BOSTON – At the National Council of Legislators from Gaming States, PlayUSA spoke with Brandt Iden. He’s head of Government Affairs, US at Sportradar, and a former Michigan State Representative who was crucial in bringing in legal Michigan online casino games as well as sports betting.
Here’s Iden on what he predicts is on the horizon for the US online casino and gambling industries in 2022 and beyond.
Brandt Iden discusses future plans for 2023, US online casinos and more
Question: Are you surprised sports betting is legal in 30-plus states just four years after the repeal of PASPA?
Brandt Iden: I answer that a couple ways. I’m not shocked. I knew that once PASPA was overturned, we’d get here pretty quickly.
And I’m very confident that we’re going to continue to pick up states. I say that with knowing that we had a tough year this year, legislatively. Obviously, we’ve still got Massachusetts that is in play. That’s to be expected. I mean, it was an election year. It’s a redistricting year, a lot of things that play out there, and it’s tough to take gaming votes in a tough election year.
And I get that it’s tough to bring coalitions together to get over the finish line.
But now, we’re in 35 jurisdictions that are preparing for launch or have launched, and that’s exciting.

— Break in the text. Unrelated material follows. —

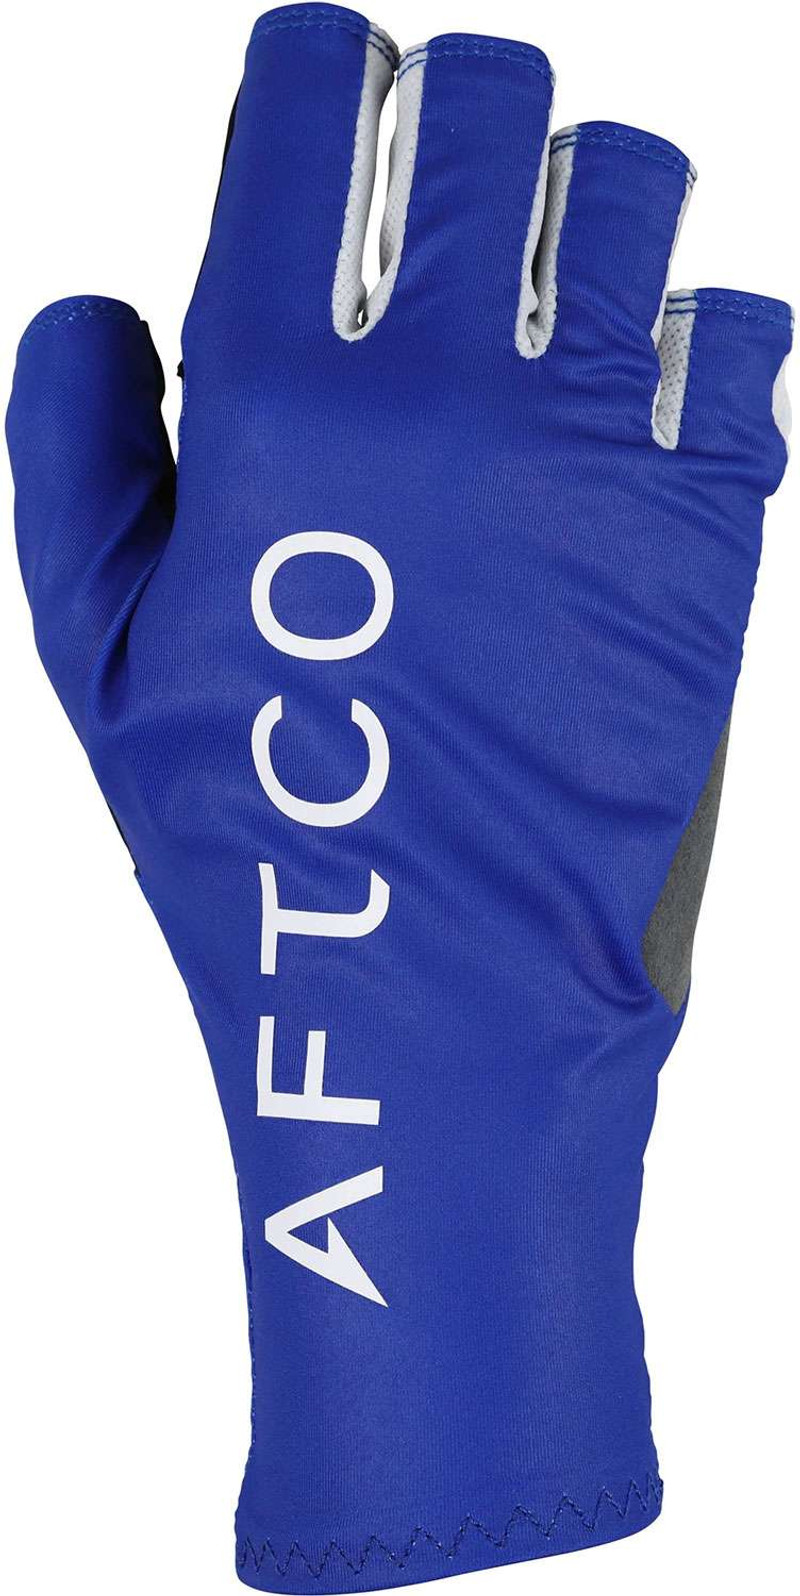 Aftco SolPro Gloves - TackleDirect

I mean, that’s huge.
Generally speaking, is gambling expansion a bipartisan issue?
BI: You can’t get gaming legislation done without both sides. I mean, you’re never going to see a situation where even if you have majority control of one party in a state that a state can just push it through.

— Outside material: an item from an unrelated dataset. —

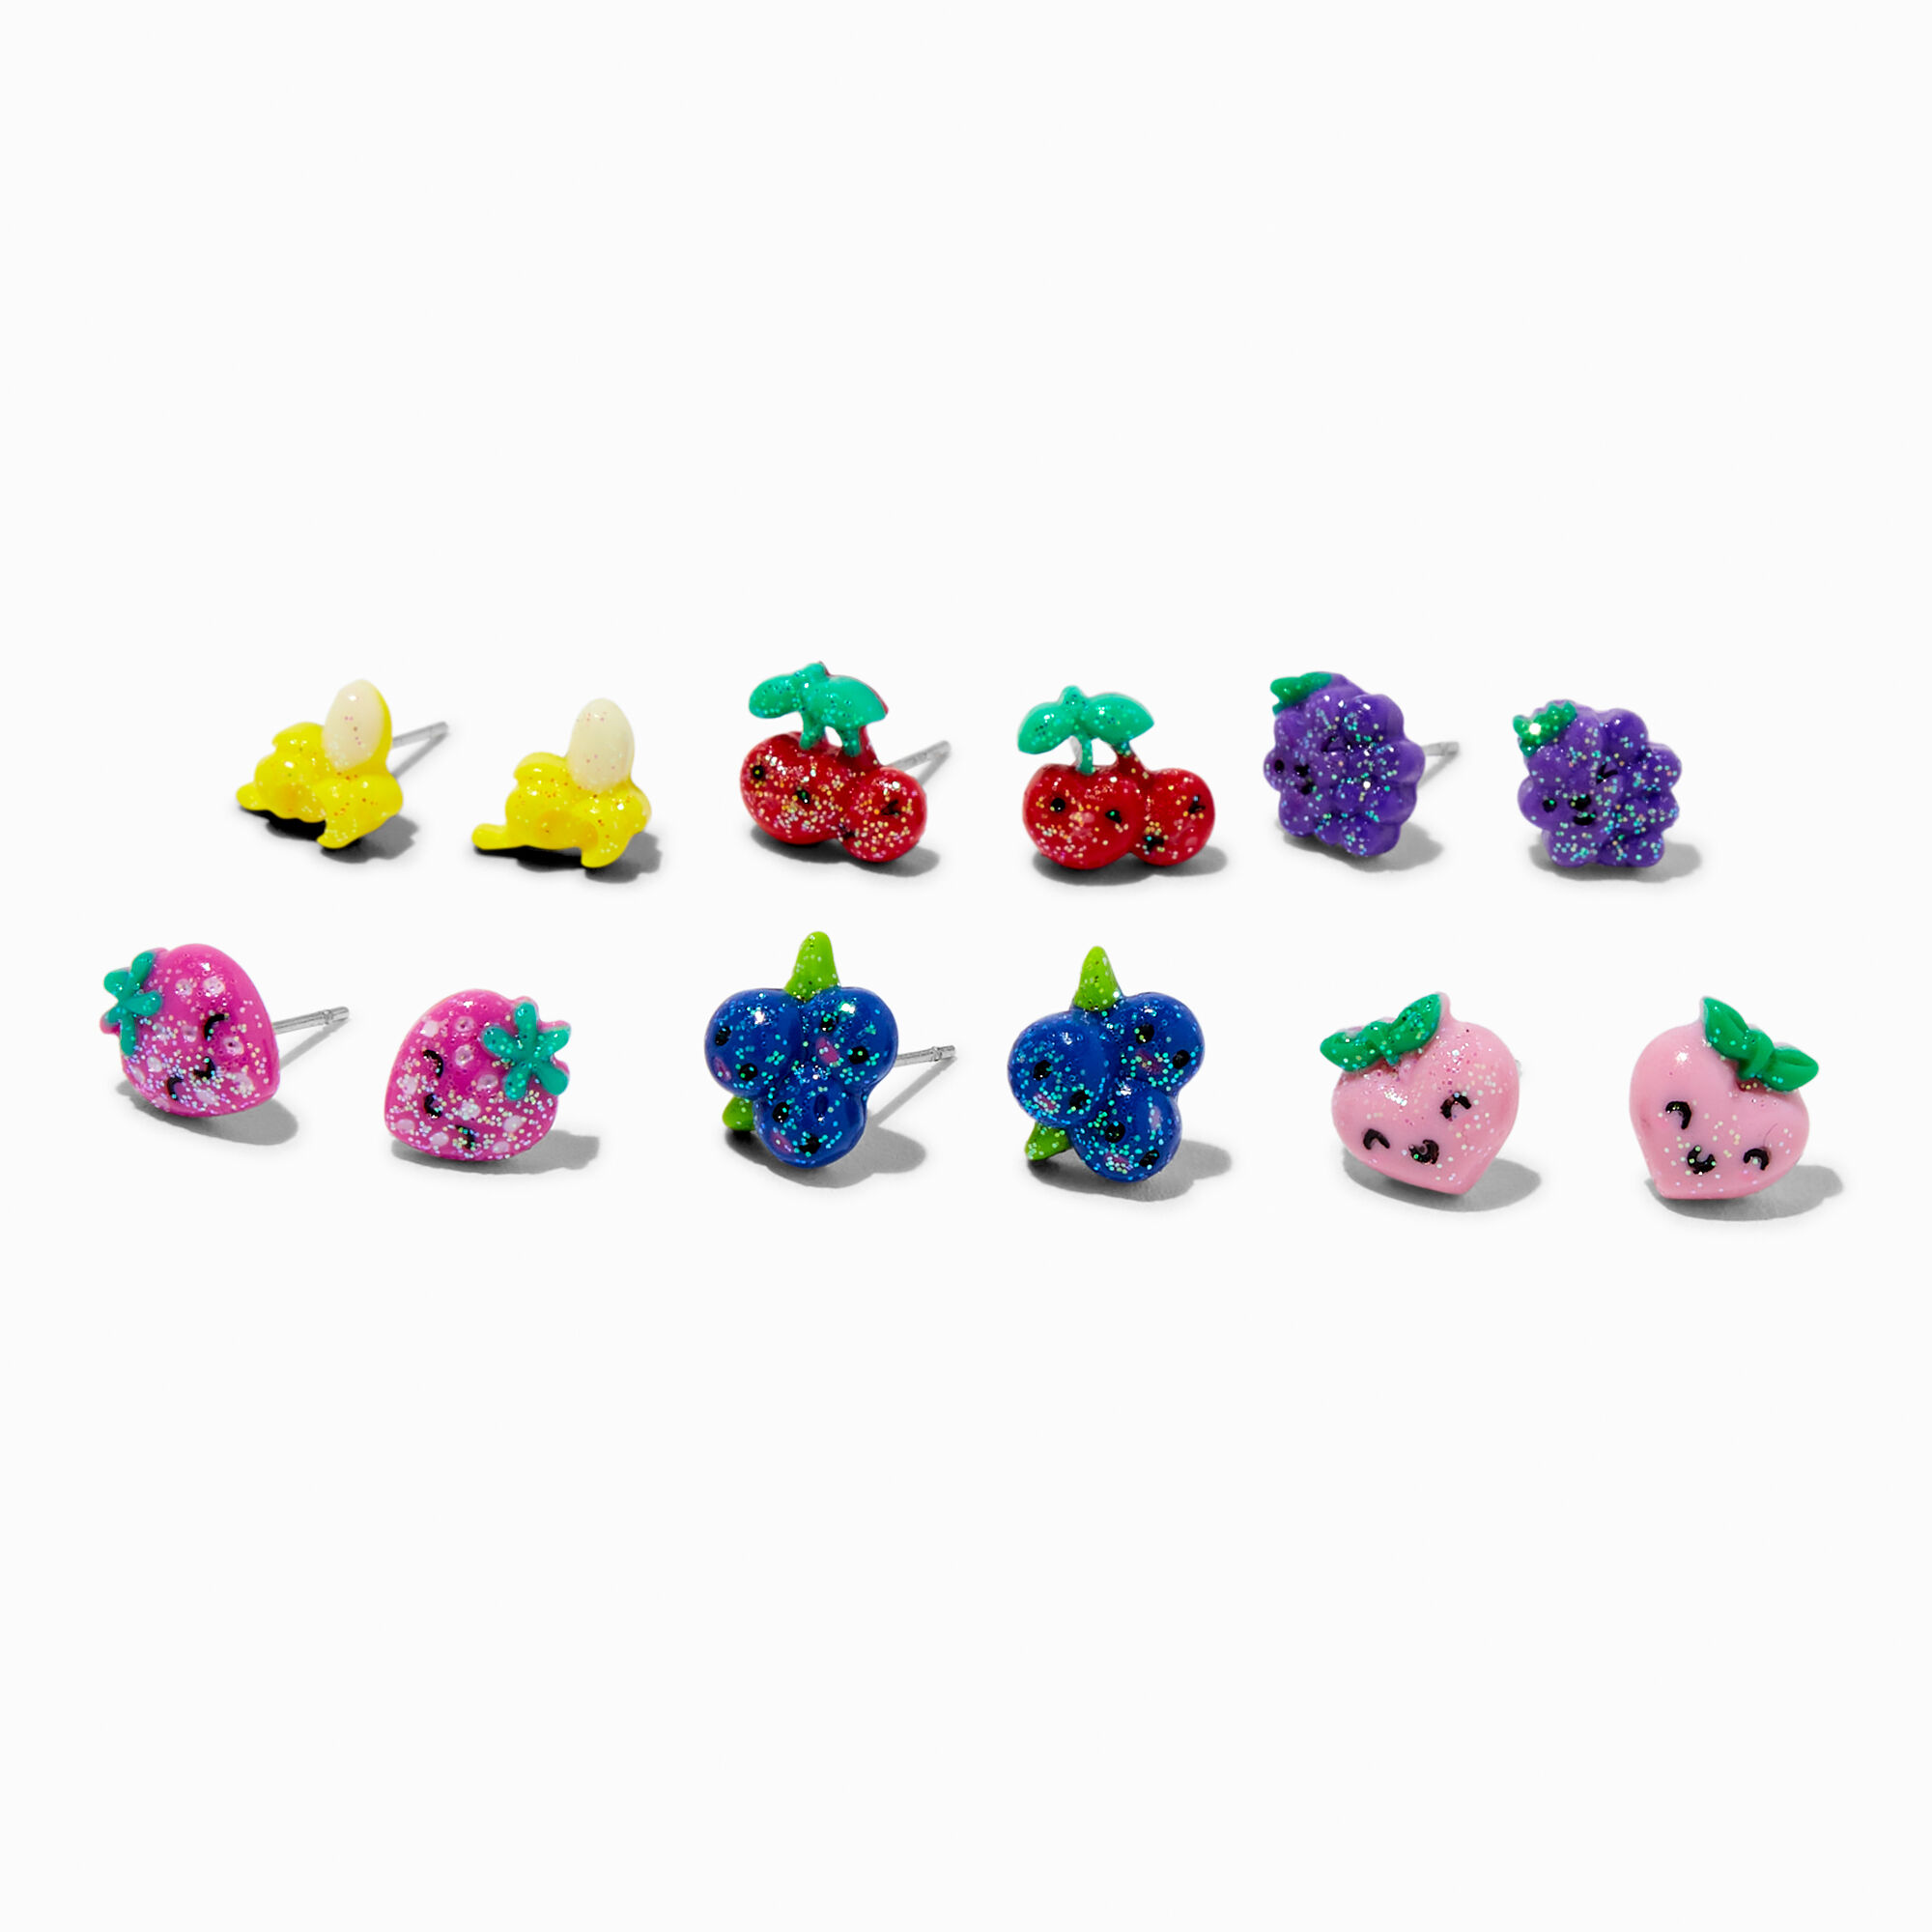 View Claires Fresh Fruit Glitter Stud Earrings 6 Pack information

That is just never going to happen because of the factions. It takes people coming together. And it really is those folks from both sides of the aisle that want to look at this from, whatever it is,
“We want to regulate something that we know is going on offshore. We need to provide consumer protections.”

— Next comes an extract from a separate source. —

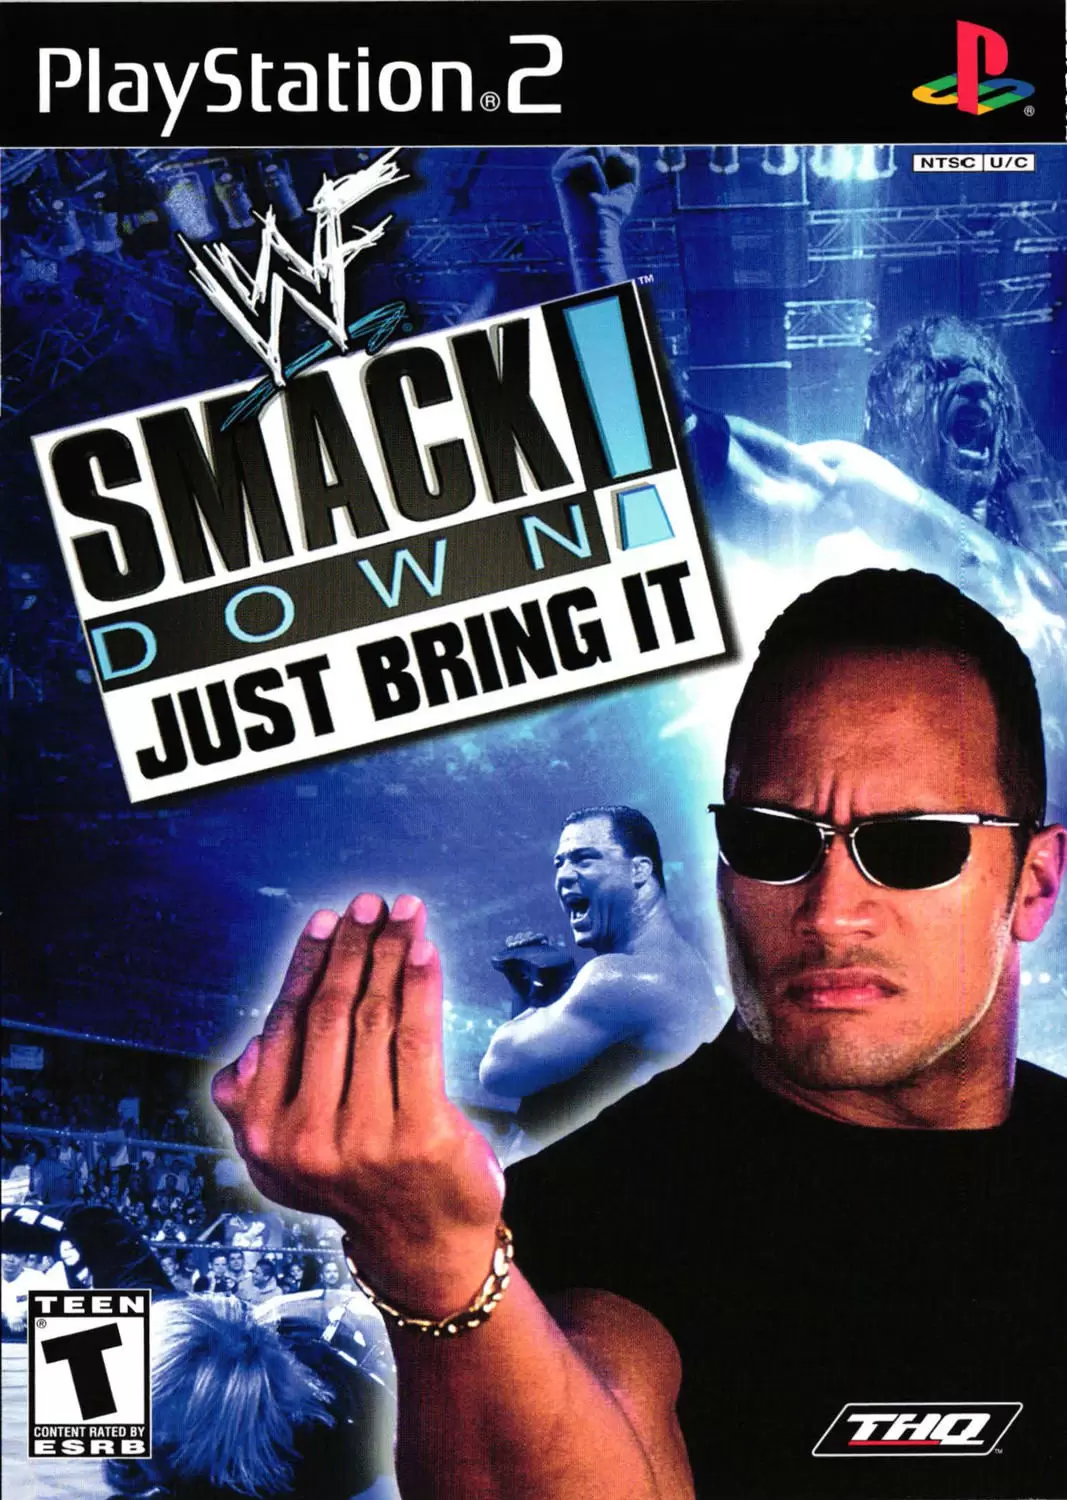 PS2 Games - WWF SmackDown! Just Bring It

Those folks have got to get together and have the conversation. There’s no way to do this with just one party pushing it.
And so that’s why you see Republican sponsors, Democrat-sponsored Republican, and Democrats working together. Like we saw in Minnesota this year.
They didn’t quite get it over the finish line, but Senator [Karla] Bigham obviously worked closely with [Rep. Pat] Garofalo to try to get that thing done. And it’s a classic case of Republicans and Democrats trying to get it over the finish line.
Is passing iGaming legislation going to dominate the industry’s focus for the next few years?
BI: Absolutely, the industry needs to start working more toward iGaming. And the reason for that is, from the state perspective, from the revenue side, this is all iGaming-driven.
If you look at the $120 million that came in last year to the state of Michigan, 80% of that is iGaming revenue. That’s the majority of the revenue that comes in. And, so, if you’re looking to pad the budgets, it’s iGaming revenue.
At the same time, I am a little surprised, and I’d like to see more states work on pushing sports betting and iGaming simultaneously. Because if you’re going to push that boulder up the hill, you might as well do it once. You might as well take a big bite at it. But in this industry, traditionally, what we see is slow steps.
Race tracks lead to casinos, brick-and-mortar casinos lead to iGaming. We take slow steps in this industry anyway, so that doesn’t surprise me, but I would like to see more iGaming.
Will iGaming become the focus in places that haven’t legalized sports betting yet?
BI: Yeah, it’ll be iGaming. You’ll see a lot of the extreme pivot to iGaming. You’ll see the operators come back to those states where we’ve had success with mobile sports.
And we’ll start talking about iGaming. And I think that will run simultaneously with those big states. We’re still waiting to see what happens in California. We’re going to continue to work Texas. Florida’s Florida. We’re going to get there. We’ll figure that out.
And while all those things are going, you’re going to start to see the next legislative cycle, more talking states about iGaming, and that’s going to be coming from a stakeholder/industry perspective.